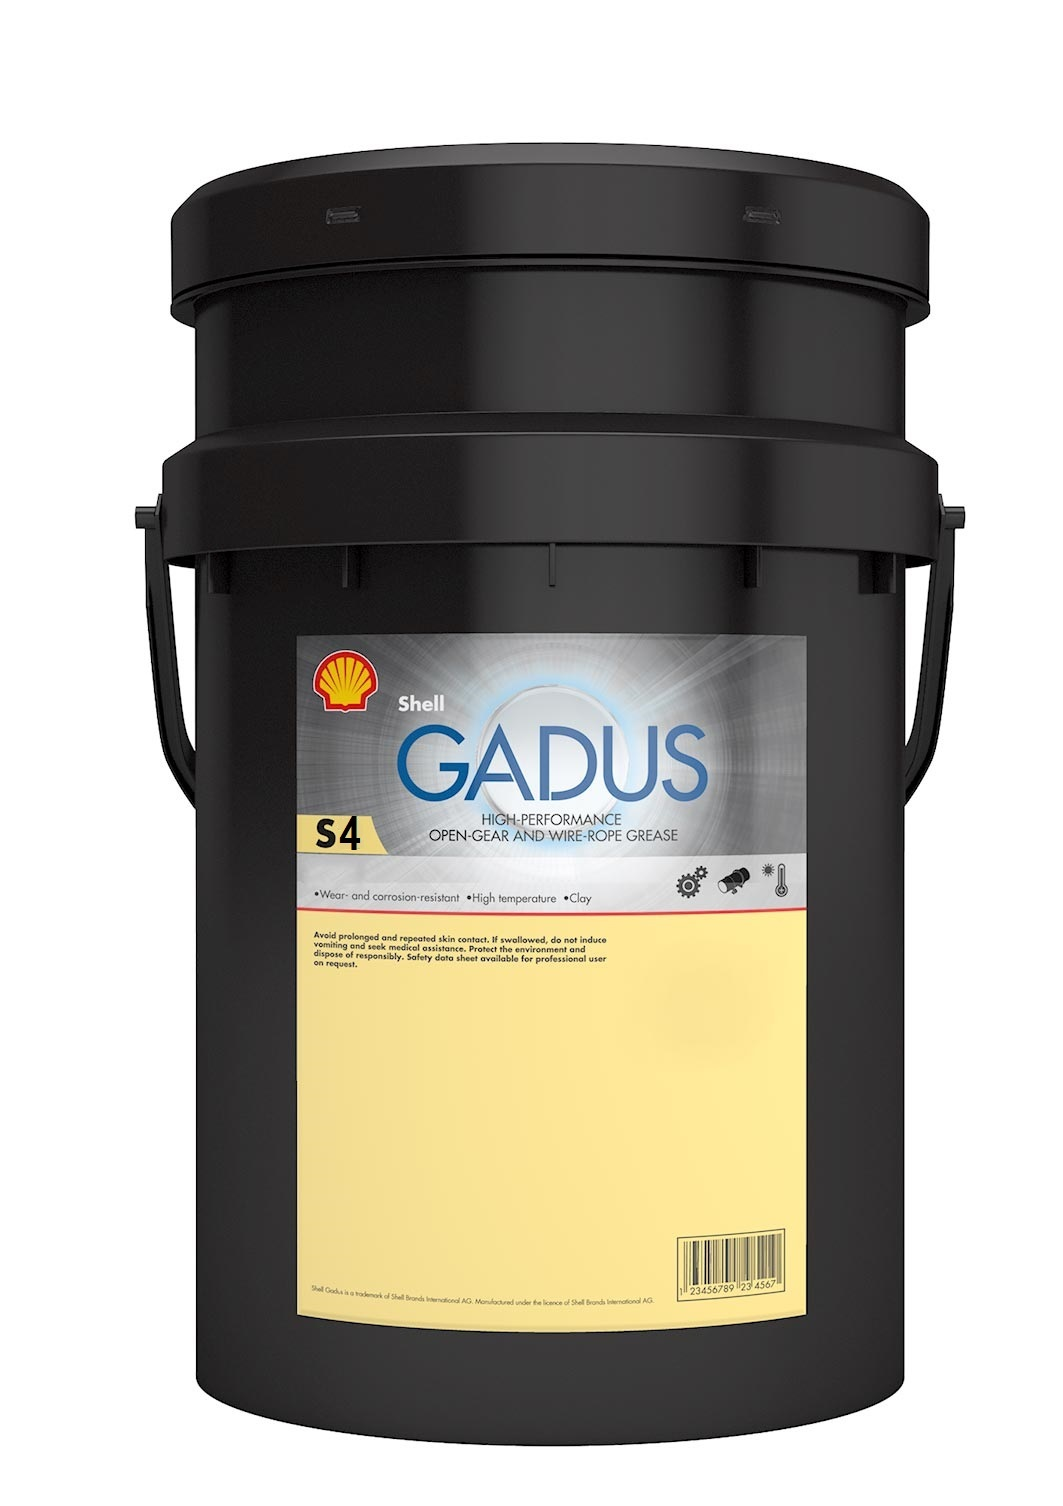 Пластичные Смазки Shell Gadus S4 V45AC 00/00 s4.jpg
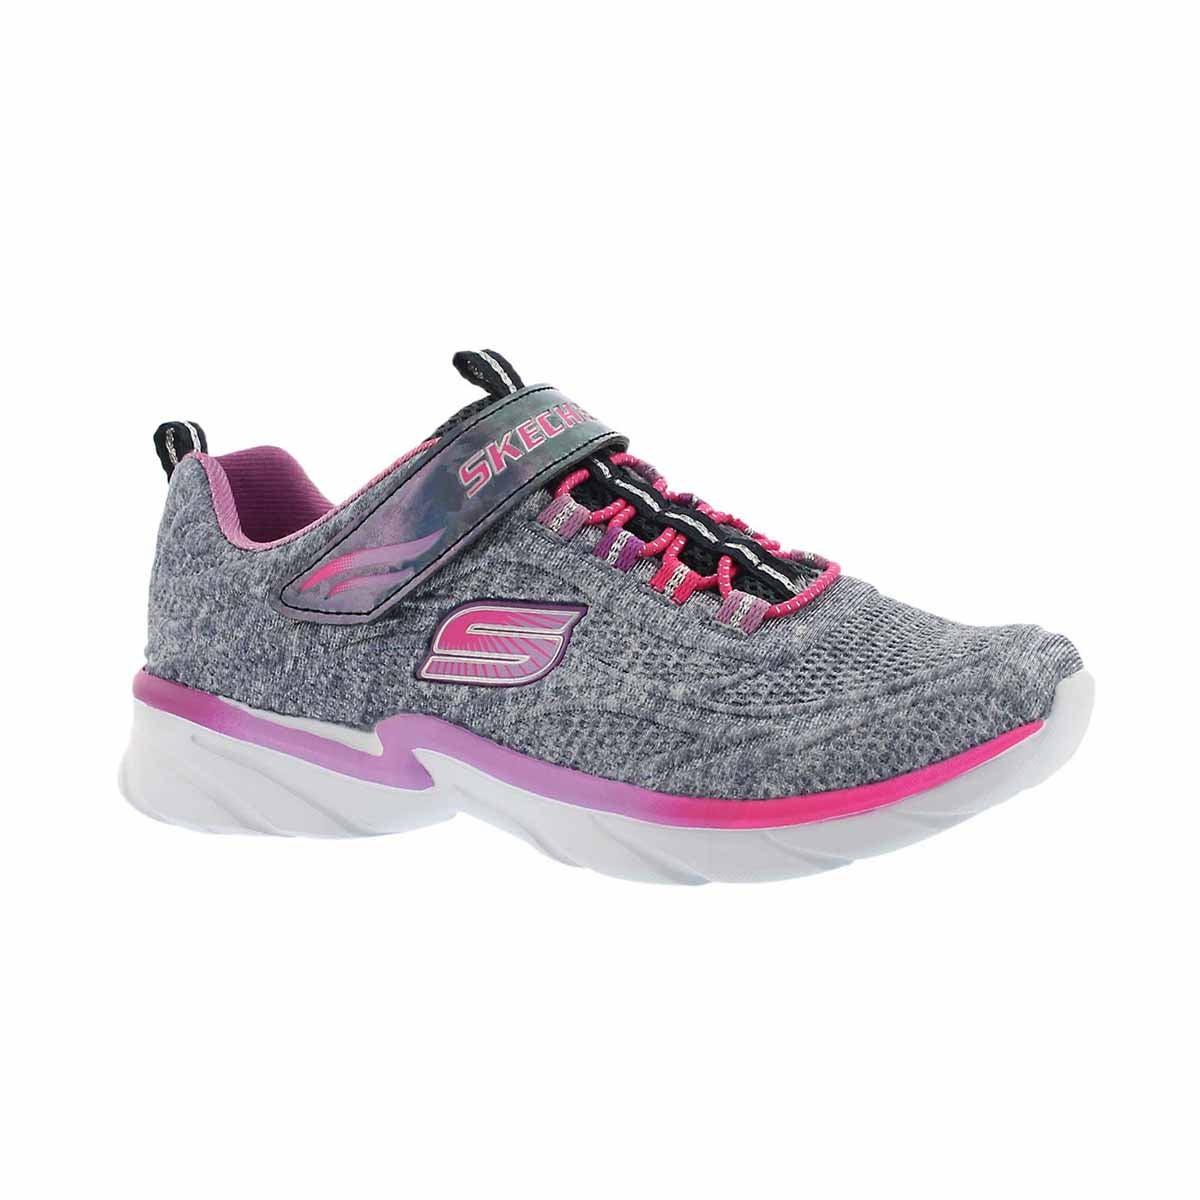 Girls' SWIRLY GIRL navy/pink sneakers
---
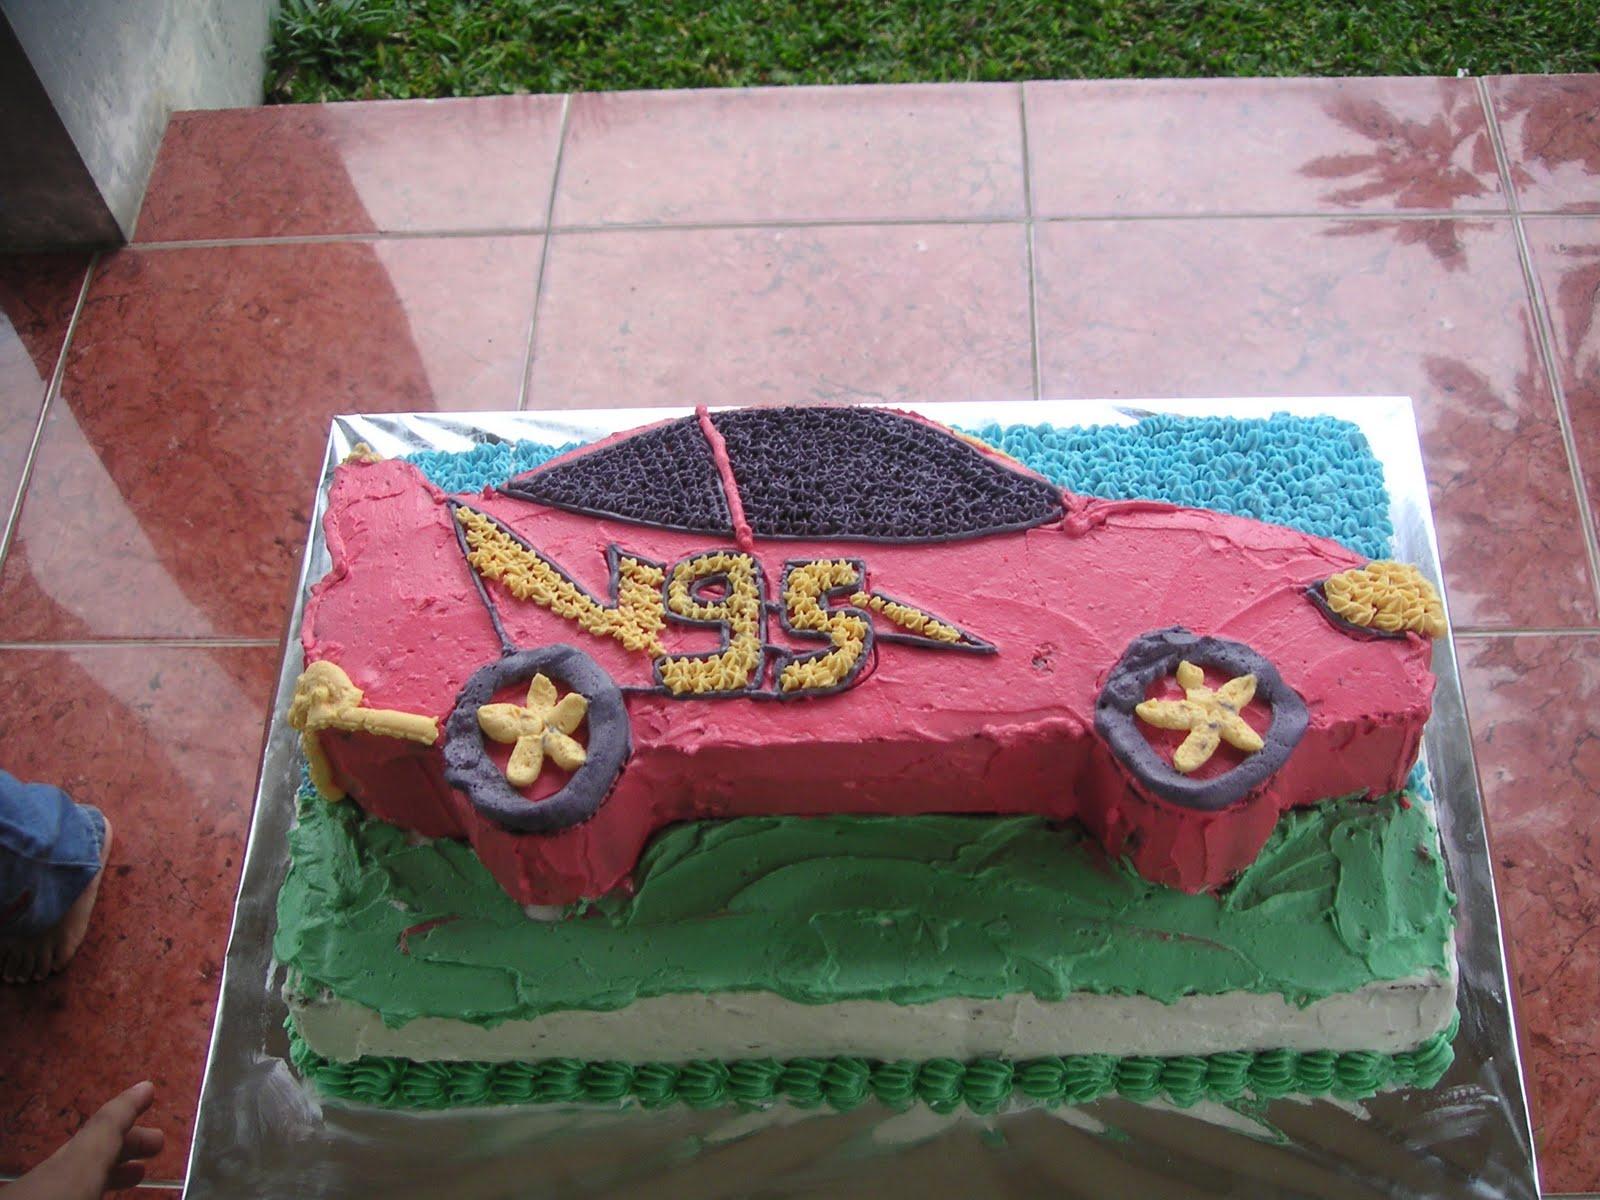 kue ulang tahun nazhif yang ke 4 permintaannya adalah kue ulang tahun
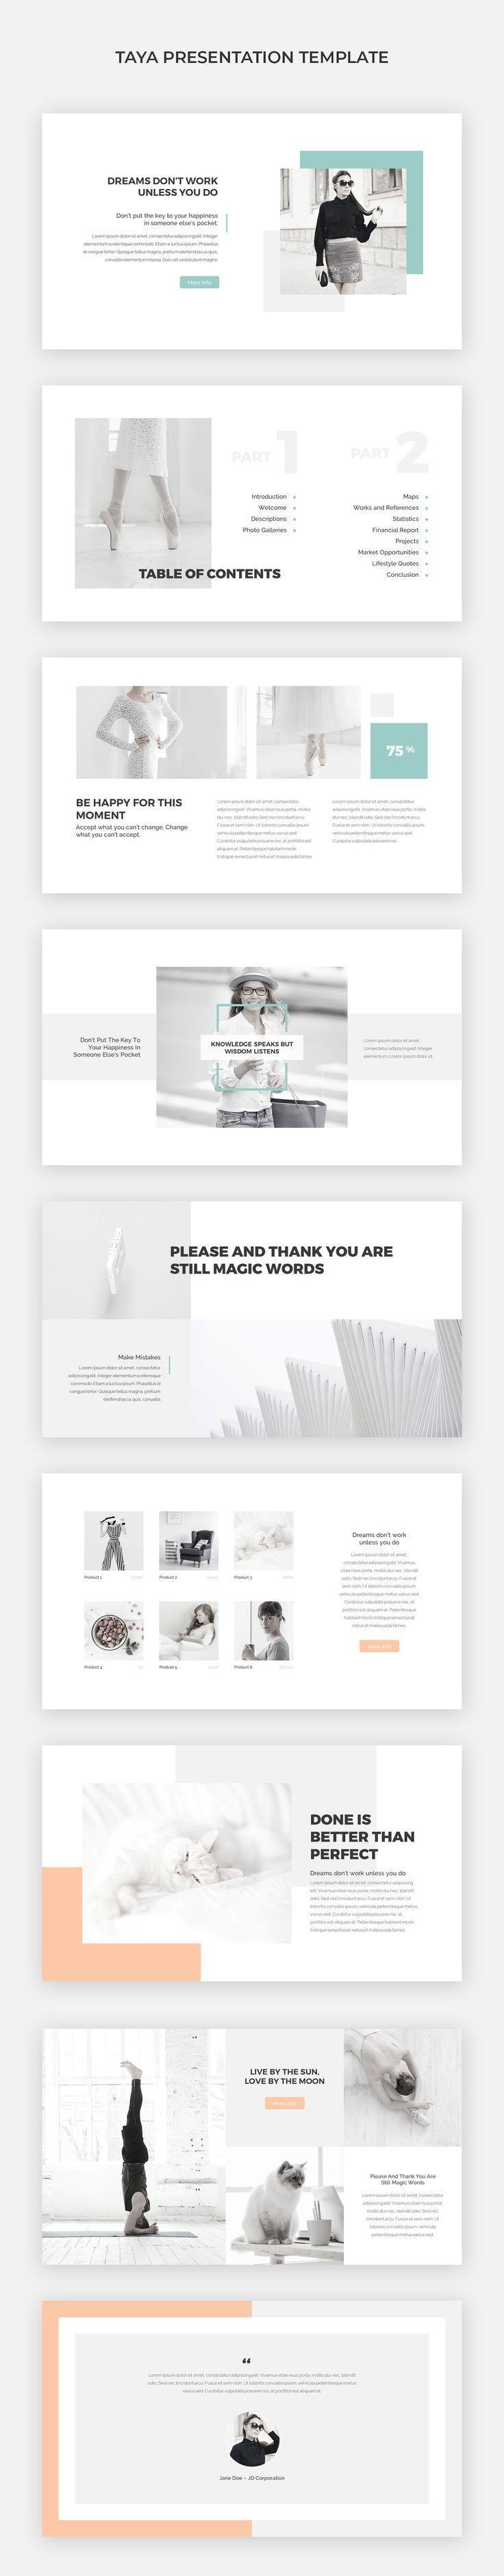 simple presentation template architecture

> What this task involves
Among the entries above, copy exactly the stretch from the line holding "kue ulang tahun nazhif" through the line holding "simple presentation template architecture", leaving out any pictures.

> Answer box
 kue ulang tahun nazhif yang ke 4 permintaannya adalah kue ulang tahun
 simple presentation template architecture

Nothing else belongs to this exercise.